Save gene lists for functional enrichment
DEG_results
: List of DEG’s and fold change/pvalues
DEG_results_vst
: Count matrix of genes from DEG list
8,127 genes in DEG dataset
dim(DEG_results)
head(DEG_results)
deg_results_list<-DEG_results%>%
dplyr::select(gene, everything())
write_csv(deg_results_list, "Mcap2020/Output/TagSeq/GenomeV3/DESeq/deg_list.csv")
dim(DEG_results_vst)
deg_counts<-t(assay(DEG_results_vst))
deg_counts<-as.data.frame(deg_counts)
dim(deg_counts)
deg_counts$sample<-rownames(deg_counts)
deg_counts<-deg_counts%>%
dplyr::select(sample, everything())
write_csv(deg_counts, "Mcap2020/Output/TagSeq/GenomeV3/DESeq/deg_counts.csv")
List of all genes in the dataset (gvst) = 11,475 genes which will serve as the background set of genes for functional enrichment.
dim(gvst)
all_genes<-t(assay(gvst))
all_genes<-as.data.frame(all_genes)
dim(all_genes)
all_genes$sample<-rownames(all_genes)
all_genes<-all_genes%>%
dplyr::select(sample, everything())
write_csv(file="Mcap2020/Output/TagSeq/GenomeV3/DESeq/all_genes.csv", all_genes)
Now that we have identified DEGs that significantly change by lifestage, we will use clustering to interpret how these change change across the developmental time series.
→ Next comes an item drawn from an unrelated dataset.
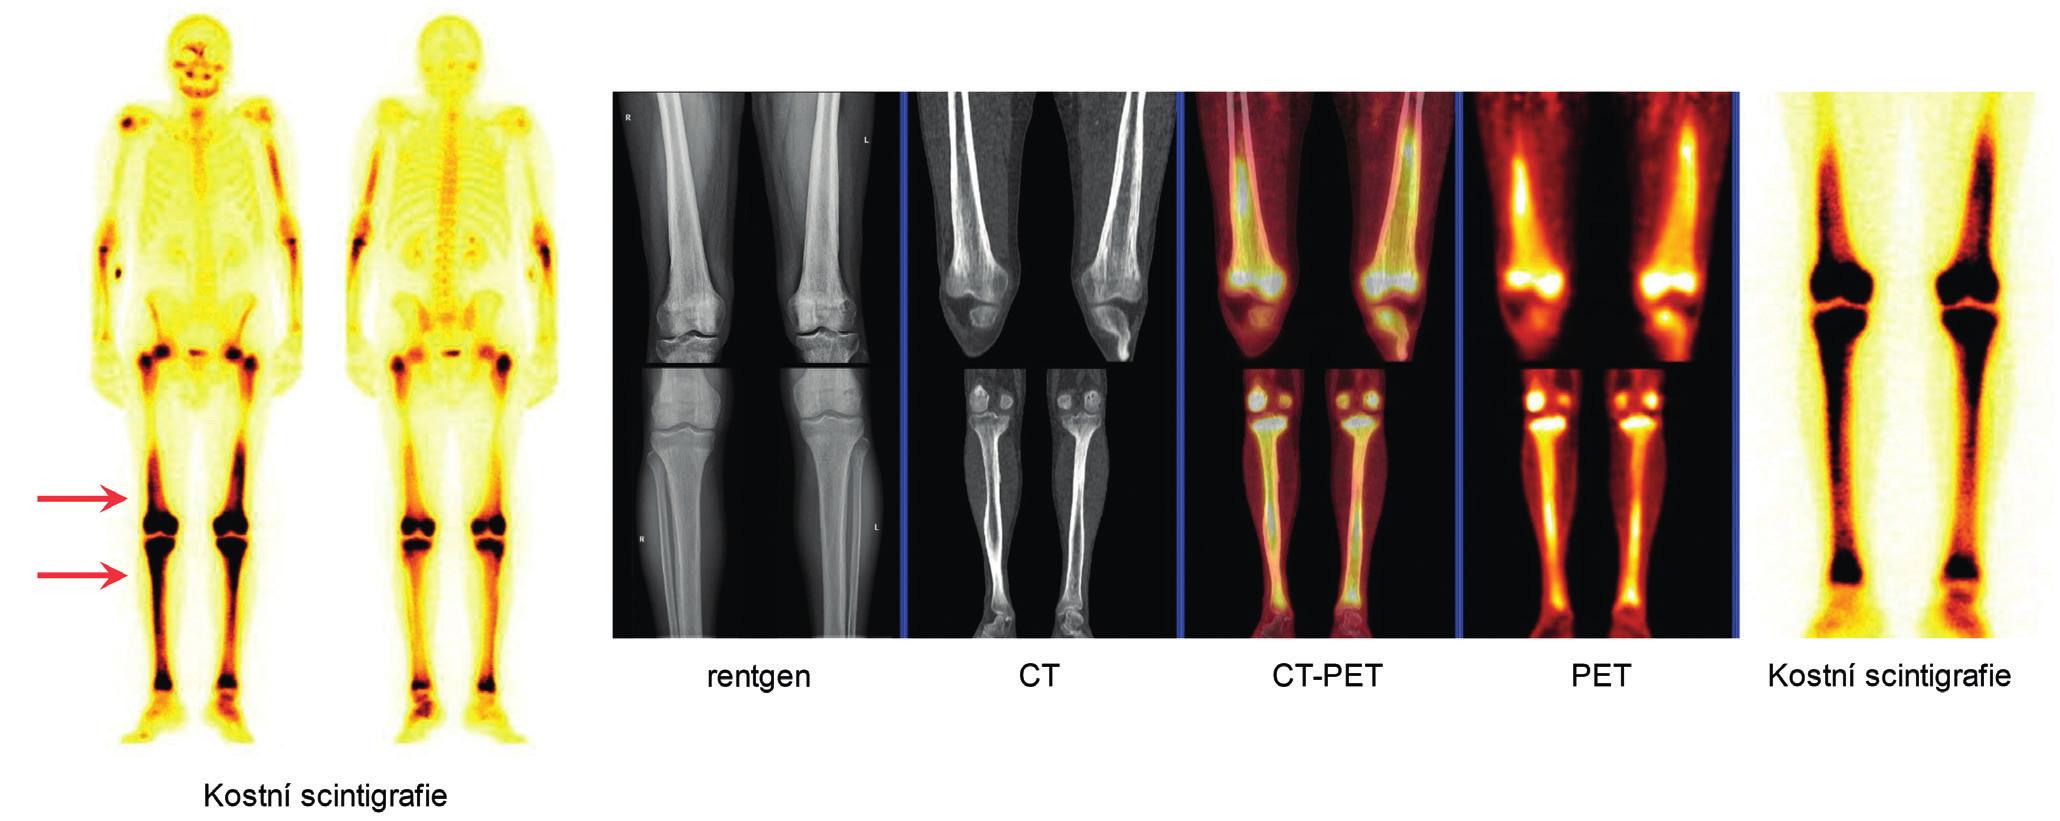 Pro Erdheimovu-Chesterovu nemoc je typická osteoskleróza dlouhých kostí dolních končetin<br> Velmi dobře ji znázorňuje scintigrafie kostí (radiofarmakum technecium pyrofosfát), ale je velmi dobře prokazatelné pomocí FDG-PET/CT zobrazení, které zobrazí zvýšenou akumulaci fluorodeoxyglukózy ve stejných lokalizacích. Na rentgenovém či CT zobrazení těchto lokalit se zvýšenou akumulací Tc-pyrofosfátu a fluorodeoxyglukózy je pak dobře patrná osteoskleróza.
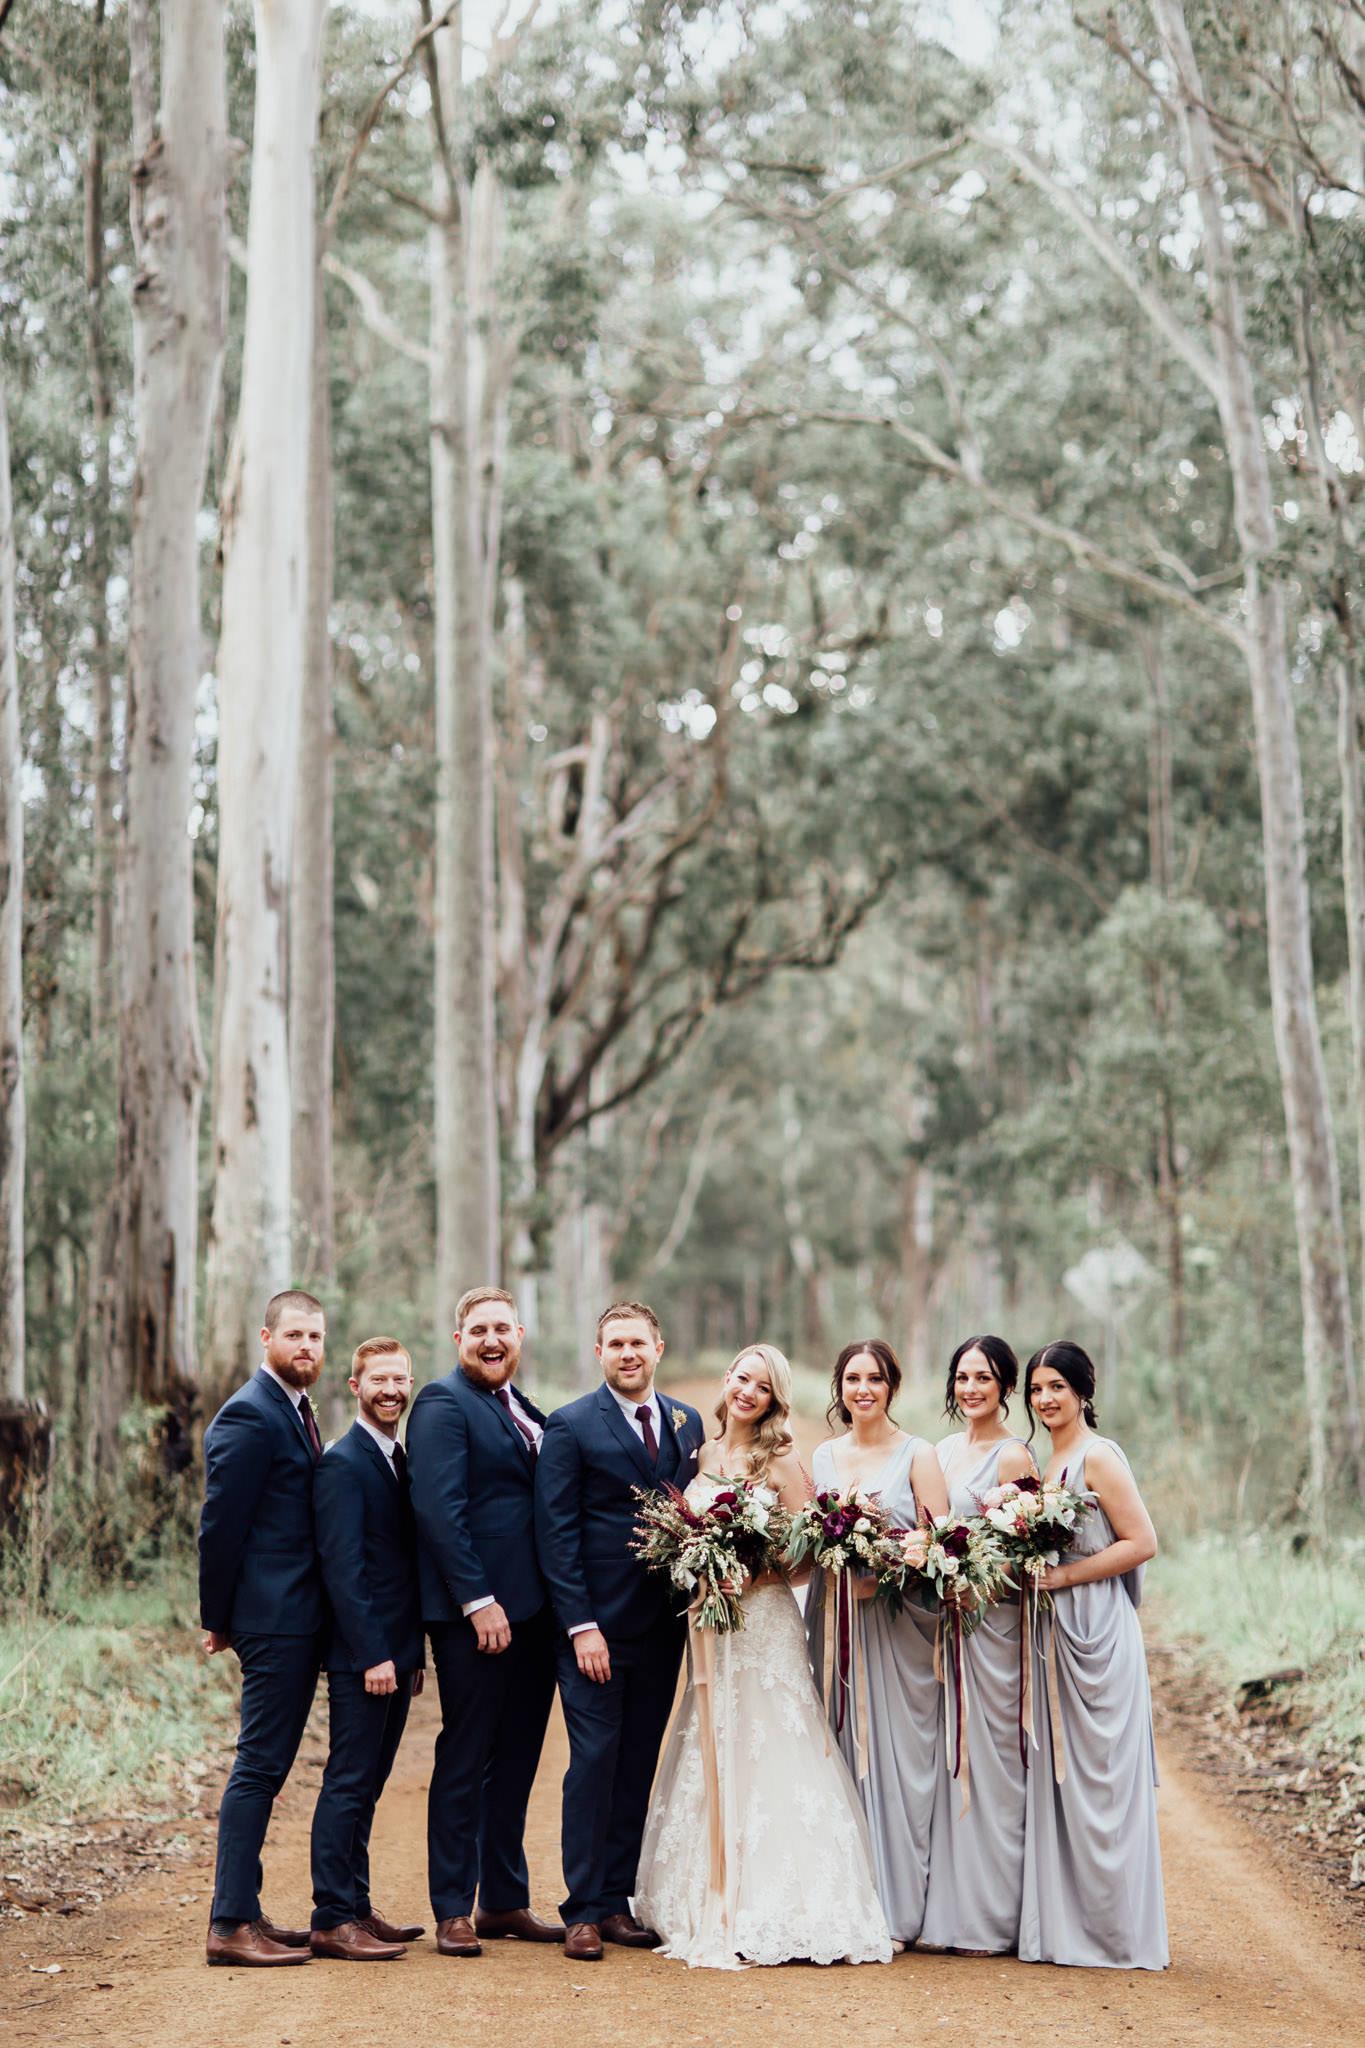 WeddingPhotos_Facebook_2048pixels-1074.jpg

Detect clusters of LRT results
I am using the degPatterns
function in the DEGreport
package in R for this analysis. This code was adapted from a tutorial here.
This code analyzes the DEGs for temporal patterns in expression. Analogous to a WGCNA, this analysis will identify sets of genes (depending on the minimum number of genes to be included in a cluster) that share expression patterns. For example, it could identify genes that increase over time, those that decrease over time, or those that peak in one particular life stage, for example. This will allow us to interpret the DEGs in a way that is meaningful across the developmental time series.
Run a DESeq2 model and extract results as we did above.
# results
DEG <- DESeq(gdds, test="LRT", reduced=~1)
# Extract results for LRT
res_LRT <- results(DEG)
# View results for LRT
res_LRT
Filter for genes padj <0.001 as done above to identify the same 8,127 DEGs. I am repeating this process here because I can then start the script at this point if desired.
padj.cutoff <- 0.001
# Create a tibble for LRT results
res_LRT_tb <- res_LRT %>%
data.frame() %>%
rownames_to_column(var="gene") %>%
as_tibble()
# Subset to return genes with padj < target
sigLRT_genes <- res_LRT_tb %>%
dplyr::filter(padj < padj.cutoff)
# Get number of significant genes
nrow(sigLRT_genes)
There are 8127 genes that change across developmental time at p<0.001.
Prepare the dataframe as a matrix and obtain lifestage metadata for each sample. Obtain vst transformed values for DEGs.
clustering_sig_genes <- sigLRT_genes %>%
arrange(padj) #genes in rows, stats in columns
matrix<-assay(gvst) #genes in rows, sample ID in columns
meta <- metadata_ordered %>%
dplyr::select(sample_id, lifestage) #sample id and lifestage column
rownames(meta)<-meta$sample_id
meta<-meta%>%
dplyr::select(lifestage) #sample ID in rows, one column of lifestage
# Obtain transformed values for those significant genes
cluster_vst <- matrix[clustering_sig_genes$gene, ] #rows are DEGs and columns are sample ID
Conduct the clustering using the degPatterns
function from the ‘DEGreport’ package to view scaled (z-score) normalized gene expression across life stages.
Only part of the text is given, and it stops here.